Qu’est-ce qui est le plus urgent à entreprendre?
En premier lieu, il faudrait agir en amont, afin d’éviter que les personnes âgées ne doivent se rendre en prison, parce que c’est vraiment le lieu le moins adapté pour elles… Les addictions devraient notamment être mieux soignées, cela réduirait la criminalité qui y est liée. La précarité, qui n’est pas toujours détectée par les services sociaux, conduit également à commettre des actes illégaux. Ensuite, plus concrètement, il s’agit de créer des places adaptées pour les personnes incarcérées. Aujourd’hui, quand une personne détenue devient dépendante ou a besoin de soins intermédiaires, elle est fréquemment hospitalisée. Bien souvent, les places en unité spéciale étant indisponibles, la personne doit rester en prison où les choses deviennent très vite compliquées. Imaginez une personne qui ne peut pas se laver seule. Est-ce à un-e autre détenu-e de l’aider? La création de places intermédiaires pourrait être financée par la réduction des coûts en matière de sécurité. En effet, une personne âgée est généralement moins violente, elle manque de force, elle ne peut plus courir, etc. Il faut toutefois veiller à inclure les seniors en détention dans les décisions d’aménagement. Nos études ont montré une variabilité des souhaits et il faut tenir compte des besoins individuels si on veut éviter des troubles psychiatriques.

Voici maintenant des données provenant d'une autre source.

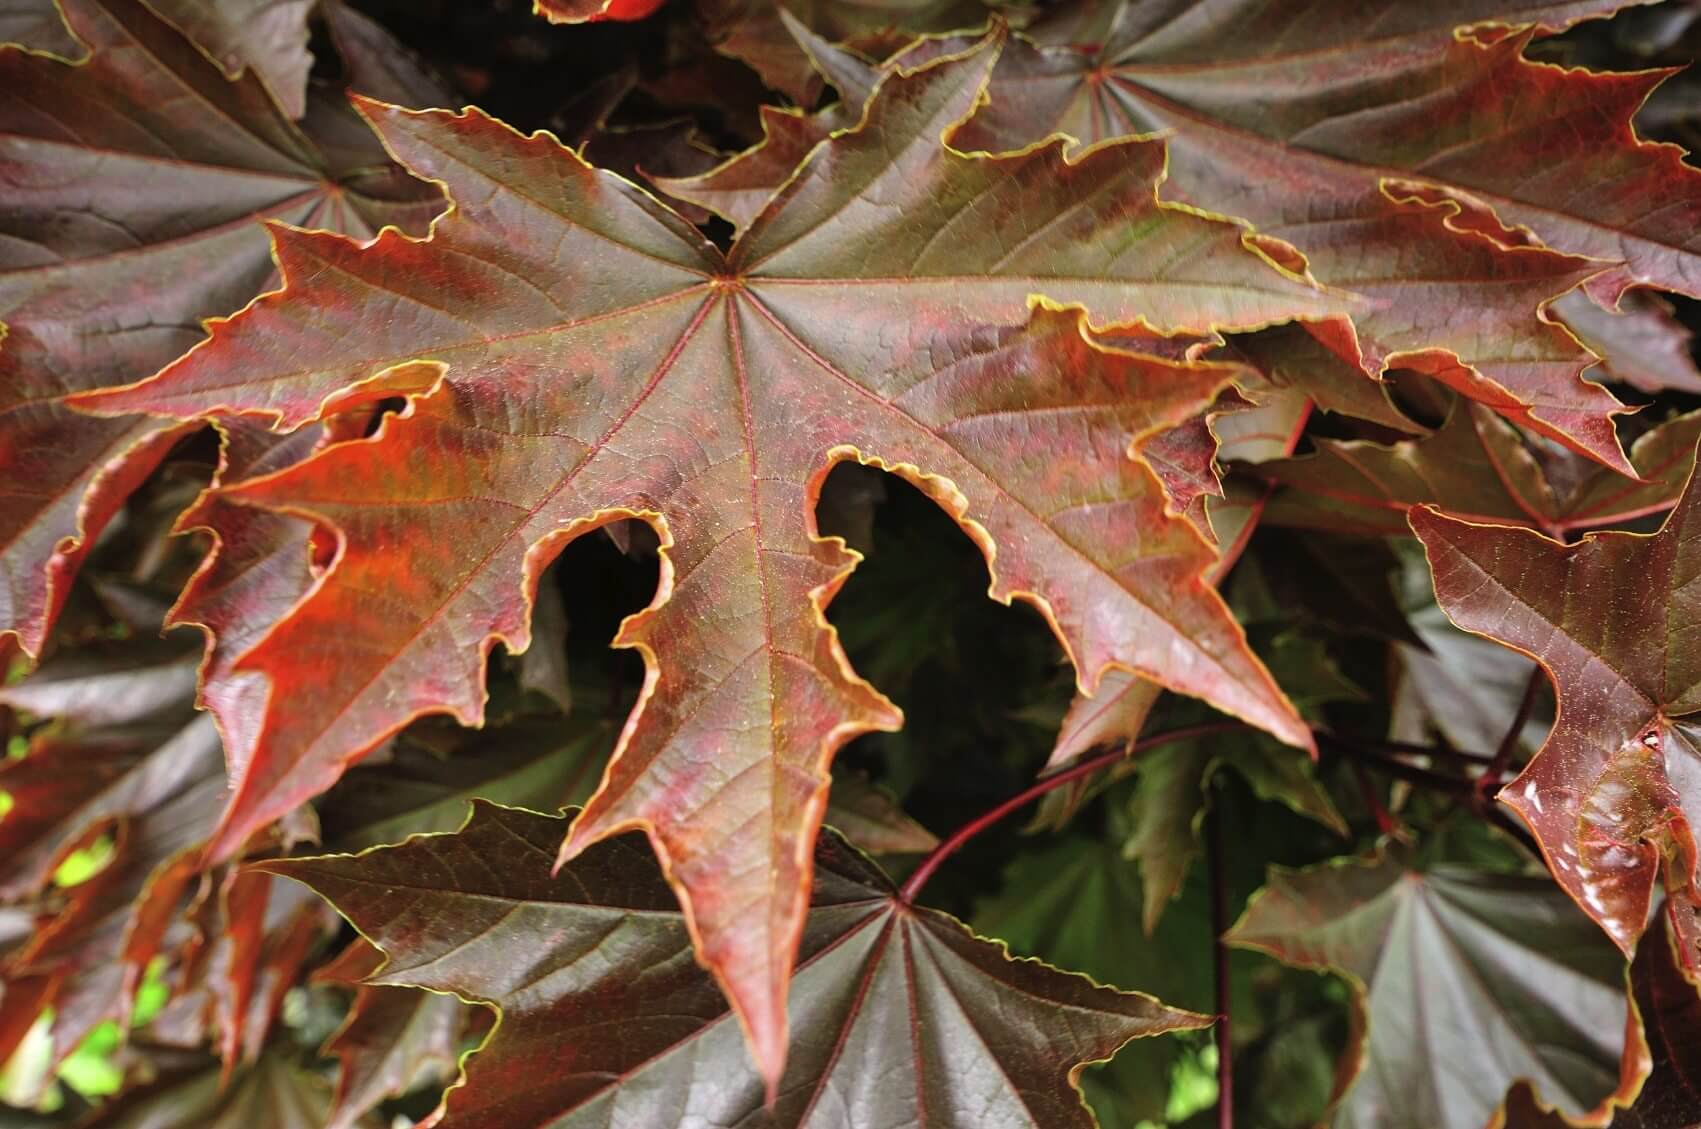 Maple Trees: Types, Leaves, Bark – Identification Guide (Pictures) 

Y a-t-il lieu d’alléger les peines pour les personnes âgées ou de leur proposer l’exécution de leur peine sous surveillance électronique?
Ce sont des possibilités que je recommande. Une journée en prison coûte cher et il pourrait être bénéfique de trouver d’autres solutions pour les personnes âgées tout en tenant évidemment compte de leur dangerosité. Dans le passé, nous avions une maxime: «Personne ne meurt en prison.» Nous faisions des évaluations et, quand les conditions le permettaient, les autorités trouvaient des solutions. Mais à cause des affaires «Adeline» à Genève et «Marie» dans le canton de Vaud – des jeunes femmes assassinées par des détenus en permission –, on trouve rarement des juges qui acceptent de prendre ce risque. C’est une évolution que je regrette vraiment.
Aujourd’hui, il y a donc des personnes qui terminent leur existence en détention. Comment la prison peut-elle leur accorder une fin de vie digne?
Bien que les personnels des prisons essayent de faire au mieux, ils ne sont pas équipés pour faire face à la fin de vie. Dans la plupart des cas, les personnes meurent à l’hôpital. En effet, les traitements antidouleur sont ingérables en prison où il y a déjà beaucoup de problèmes liés au trafic de drogue. De plus, il est très difficile pour les institutions pénitentiaires de recourir à des infirmières «à domicile» comme cela se fait à l’extérieur. Les préjugés relatifs à la prison ont pour conséquence que les services dédiés refusent très souvent d’y intervenir, l’accès y étant, de plus, particulièrement compliqué. Il est aussi très difficile de fournir le soutien spirituel dont ces personnes pourraient avoir besoin.